Foi nesse contexto que nasceu o denominado pós-positivismo, na segunda metade do século XX. Dentre as suas principais características, se destacam a importância dada aos valores, à proteção e promoção da dignidade da pessoa humana, elevada a um patamar de valor constitucional supremo.

Nas lições de Luís Roberto Barroso, este movimento “não surge com ímpeto da desconstrução, mas como uma superação do conhecimento convencional. Ele inicia sua trajetória guardando deferência relativa ao ordenamento positivo, mas nele reintroduzindo as ideias de justiça e legitimidade”.[1]

A partir de então, as leis passaram a ser influenciadas e interpretadas com base em valores éticos universais, que estão além da norma jurídica emanada do Estado. Foi com o pós-positivismo que os princípios ganharam força, uma vez que eles caracterizam a síntese dos valores abrigados pelo ordenamento jurídico. Assim, com a ascensão dos princípios, as normas passaram a se dividir em duas espécies: normas-princípios e normas-regras.

Consequentemente, a interpretação e o interprete também ganharam força, pois só assim uma lei consegue evoluir e resistir ao tempo sem sequer ser alterada. Humberto Ávila nos ensina o seguinte:

“Normas não são textos nem o conjunto deles, mas os sentidos construídos a partir da interpretação sistemática de textos normativos. Daí se afirmar que os dispositivos se constituem no objeto da interpretação; e as normas, no seu resultado. O importante é que não existe correspondência entre norma e dispositivo, no sentido de que sempre que houver um dispositivo haverá uma norma, ou sempre que houver uma norma deverá haver um dispositivo que lhe sirva de suporte.”[2]

De acordo com o autor, em alguns casos há norma, mas não há dispositivo que lhe dê suporte. Como exemplo, podemos citar o princípio da segurança jurídica ou o princípio da insignificância. Em outros casos, prossegue o autor, há dispositivo, mas não há norma, citando o exemplo do enunciado constitucional que prevê a proteção de Deus.[3]

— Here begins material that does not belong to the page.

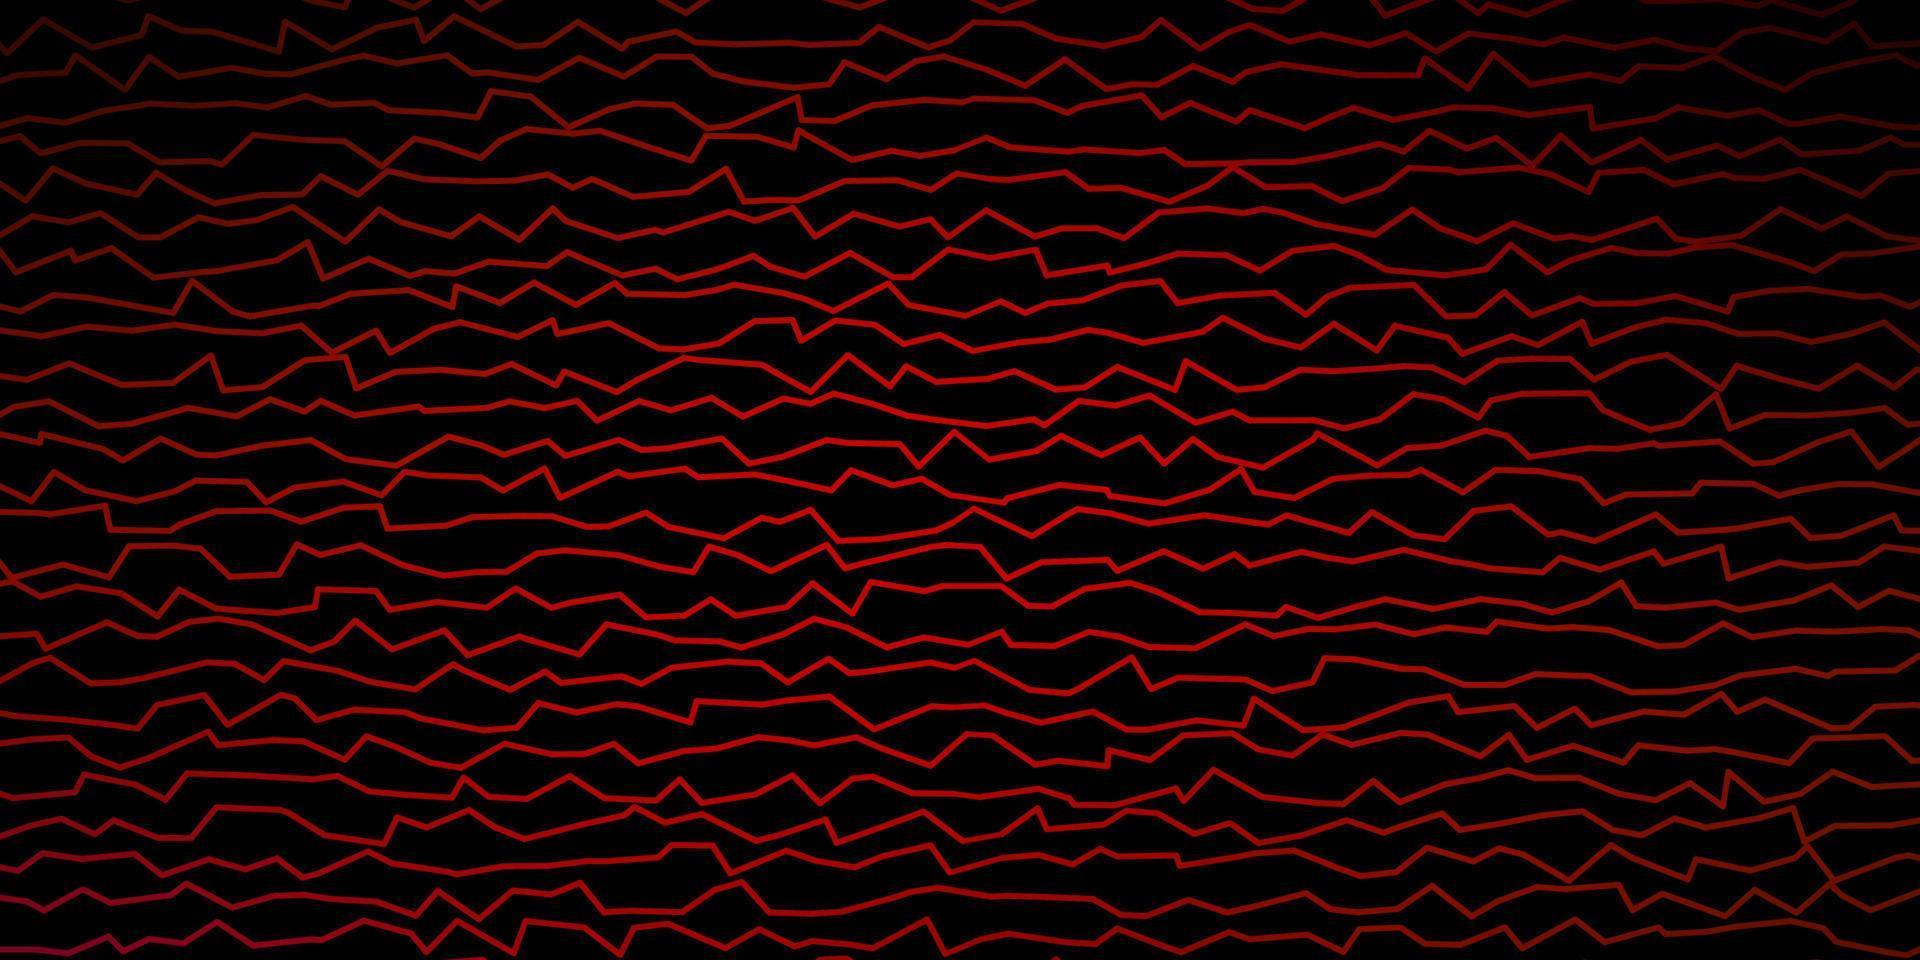 padrão de vetor vermelho escuro com linhas.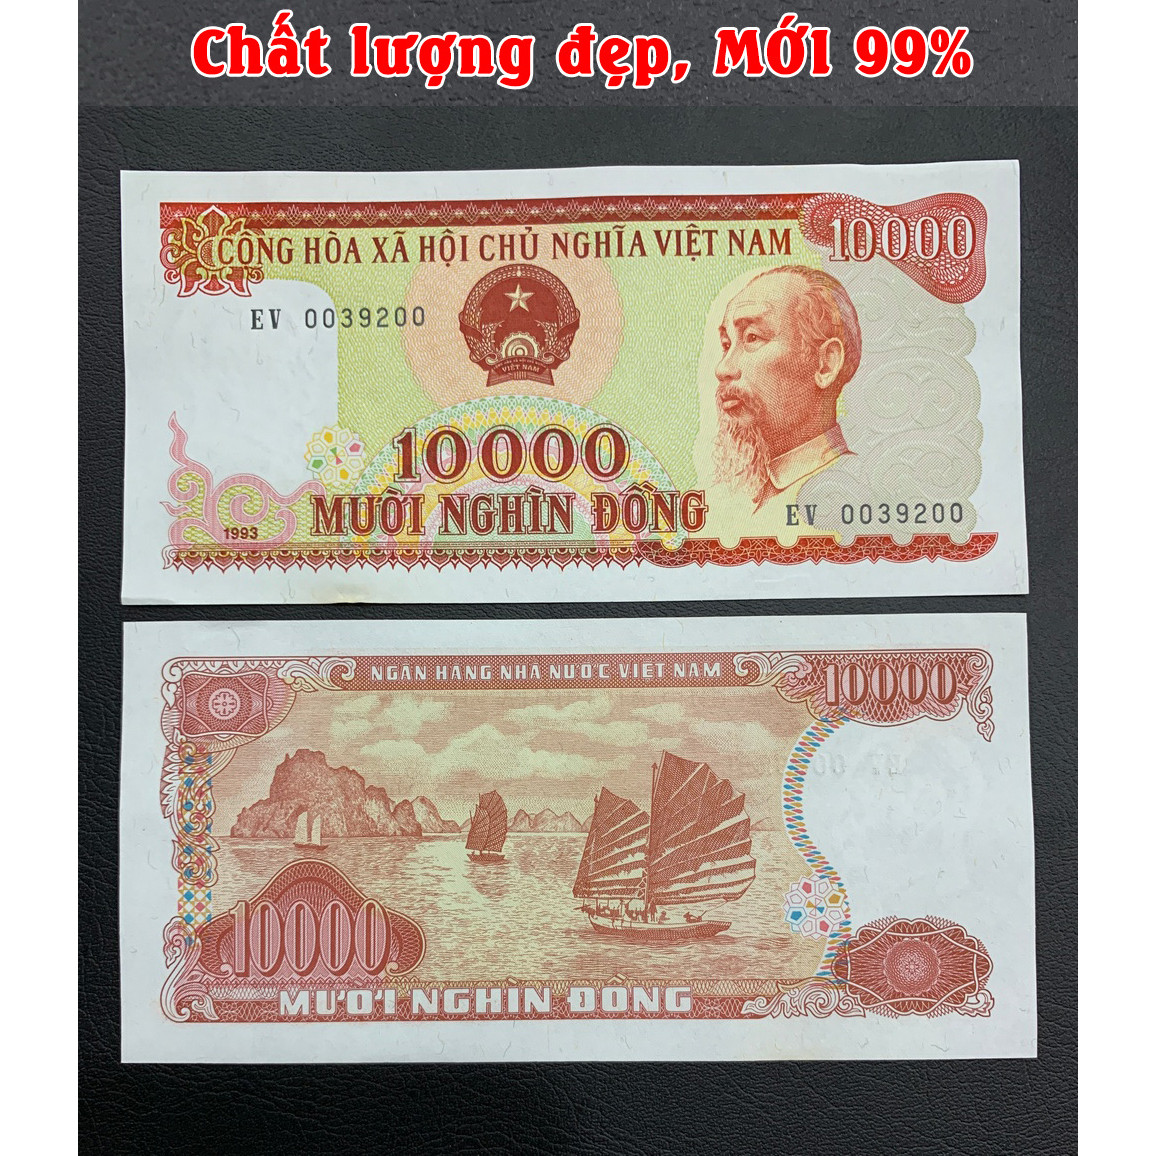 Tiền 10 Nghìn Đỏ 1993 [MỚI 99%] Hoa hậu tiền giấy xưa, mới keng tuyệt đẹp

Por tudo isso, podemos concluir que o interprete não só constrói, mas também reconstrói sentidos, sempre baseado e limitado pelo dispositivo analisado. Daí se dizer que interpretar é construir a partir de algo. A uma, porque tem como ponto de partida os textos normativos, que, por sua vez, oferecem limites à construção de sentidos. A duas, porque manipula a linguagem, à qual são incorporados núcleos de sentidos.[4]

Baseado nessas considerações, o objetivo desse trabalho é discutir a interpretação dos tipos penais e defender a idéia de que eles devem ser analisados de acordo com o caso concreto, sendo impossível classificá-los como princípios ou regras de maneira abstrata e desprendida das especificidades de cada situação.

Tendo em vista que o estudo do Direito Penal e Processual Penal envolve aqueles bens jurídicos tidos como os mais importantes para a sociedade, é imprescindível que a interpretação de seus dispositivos seja efetivada da maneira mais acurada possível, evitando injustiças por parte do Estado. Ao longo deste estudo perceberemos que alguns dispositivos penais e processuais penais classificados como regras, são, na verdade, princípios, e que alguns princípios são, na verdade, regras, ou, ainda, que em um mesmo dispositivo nós podemos encontrar um conteúdo de regra e outro de princípio.

Passemos, então, a este complexo estudo.


Princípios e Regras: distinção

De maneira didática e sintética, Marcelo Novelino nos fornece alguns critérios de distinção entre princípios e regras. [5]

Pelo critério da abstratividade, o pressuposto fático das regras prevê inúmeros casos homogêneos, enquanto o dos princípios caracteriza-se pela possibilidade de abranger uma heterogeneidade. Em outras palavras, a hipótese de incidência de uma regra é mais restrita e delimitada a certas situações específicas. Nos princípios, por outro lado, a hipótese de incidência é mais aberta, o que permite a sua aplicação em casos variados. Por isso costuma-se dizer que os princípios são mais abstratos que as regras.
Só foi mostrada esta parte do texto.